Liverpool Sound and Vision Rating * * * *

There is not much in life than can withstand the Wind & Stone when the elements decide humanity needs to be subjected to passion and the response of intimate warning that comes with Time. The wisdom of the age precludes that the walker must turn their face to the wind to feel life and that no hair remains unturned in its wrath and gentlest blow, whilst the block of stone that you pick up is just but a statue waiting to be fashioned.

It is in this thought that the wind and the stone stand guard pondering and in the image of the Inukshuk they combine to add strength of purpose to humanity’s search for poetic meaning and the desire to shape and fashion their own landscape, their own story.

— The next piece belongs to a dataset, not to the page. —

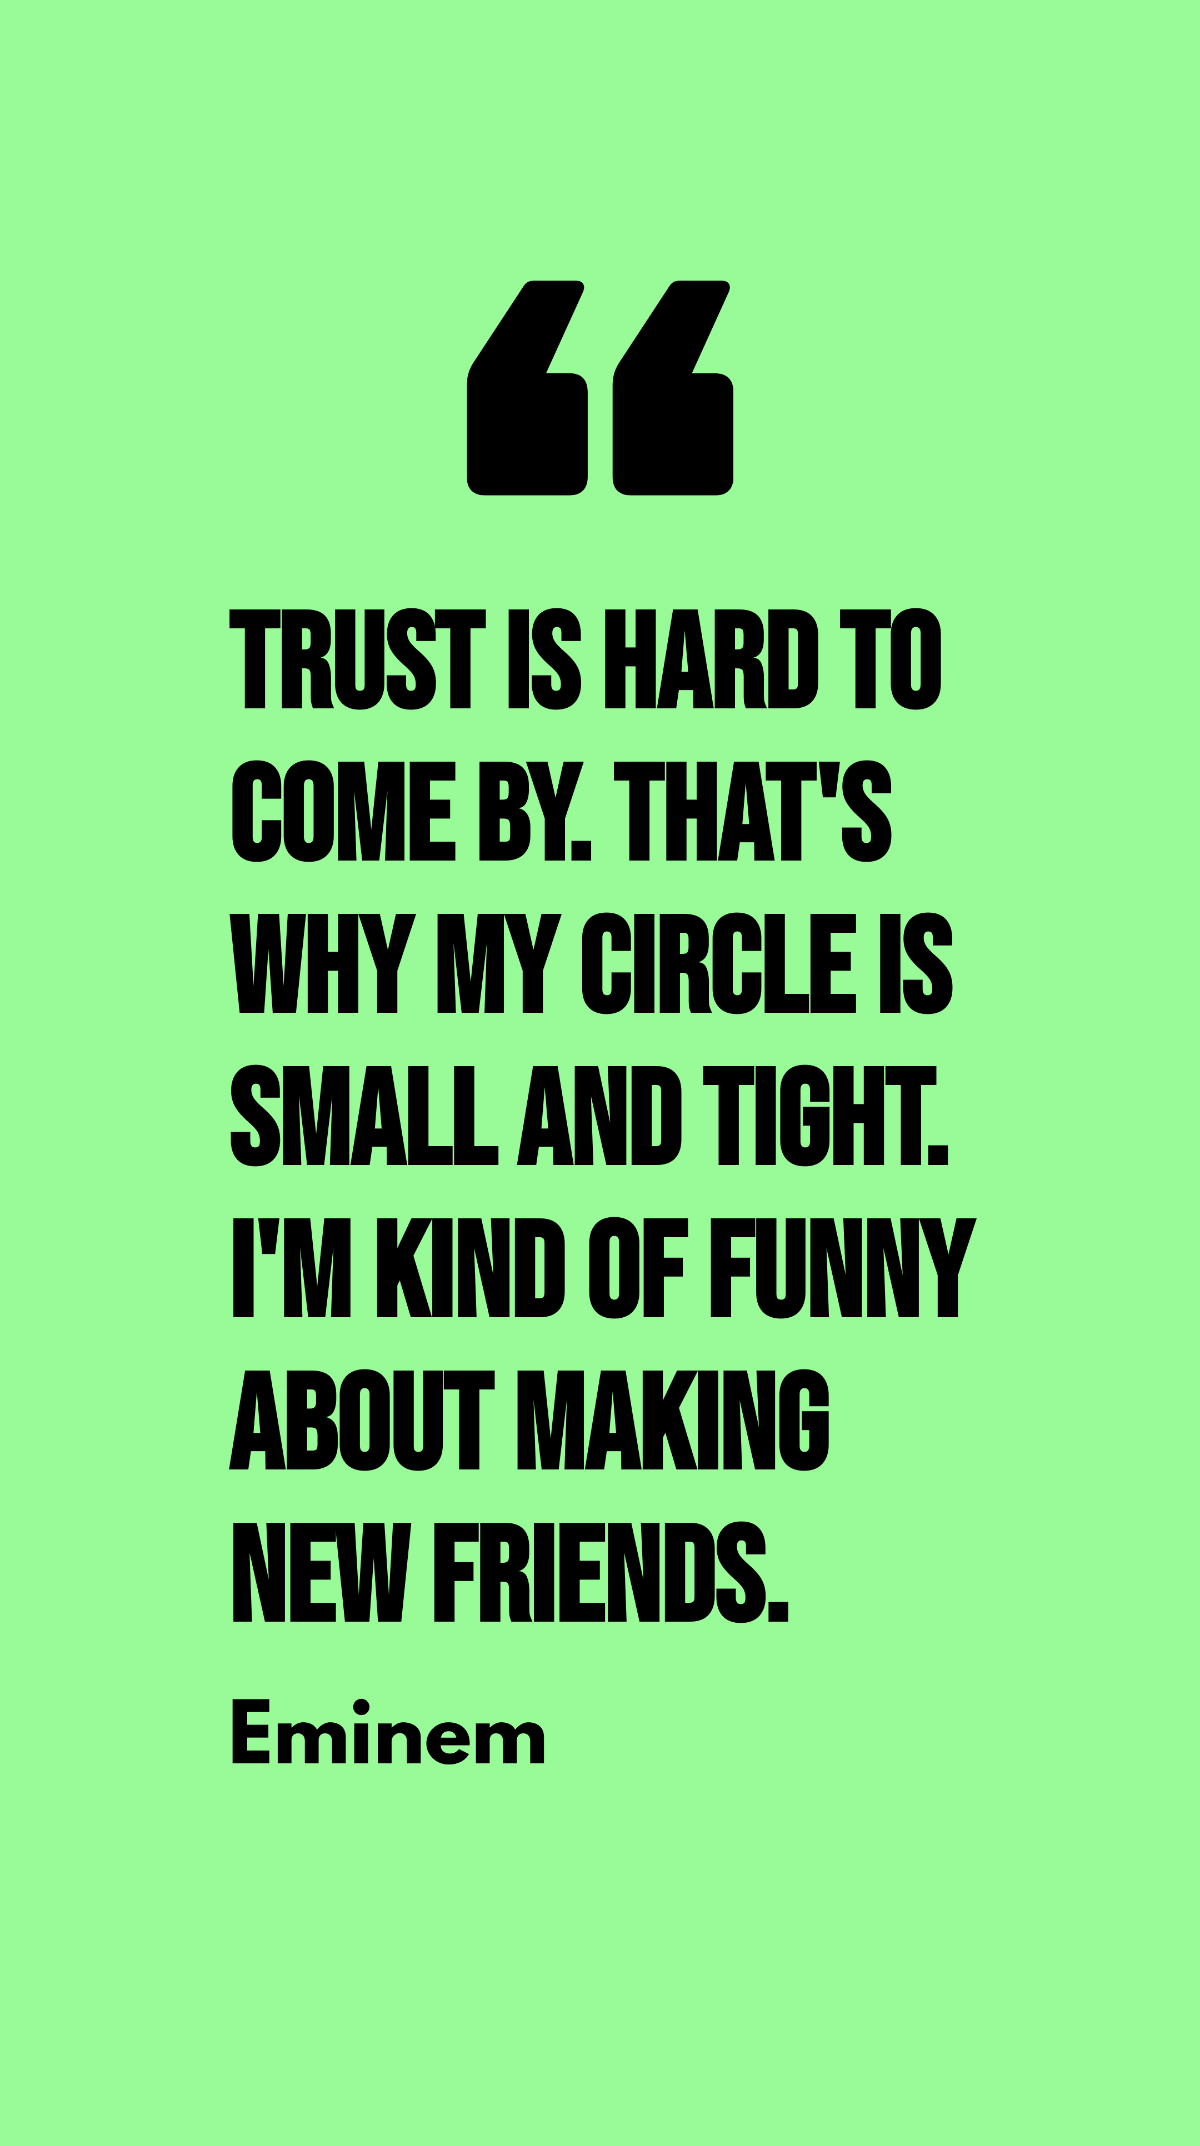 Eminem - Trust is hard to come by. That's why my circle is small and tight. I'm kind of funny about making new friends.

For Scotland’s Finn Paul, passion abounds as his voice captures the essence of pursuing your own environment, of chiselling away at the stone in which you wish to see others understand, and in which the wind will slowly erode making way for others to have the confidence to see their own dream terrain take shape.

In Finn Paul’s Wind & Stone, the experiences he has undergone, the enchantment of seeing life from different shores, all combine to bring folk inspired songs to a place where magic has not been forgotten, where a world of creation enthuses the man-made Inukshuk that stands guard and where songs such as The Watcher, Norwegian Sea, Anna, Drive It All Away and the album’s title track, Wind & Stone are given the breath of life that we all so badly need and in which the panoramic view is enough to make you believe in a higher purpose of existence.

It is the accent of narrative that we are swept of our feet, the wind pushes us along and the stones mark the way, the miles travelled and the miles still to go, regardless of whether it is the pebble skimmed across the lake or the marble statue which took shape over thousands of hours, each marks the passing of time; the narrative of that time which is understood and celebrated by Finn Paul.

An album that sings gently of secrets and reveals, passionate and watchful, Wind & Stone is the backdrop to how we wish to see our own landscape take shape.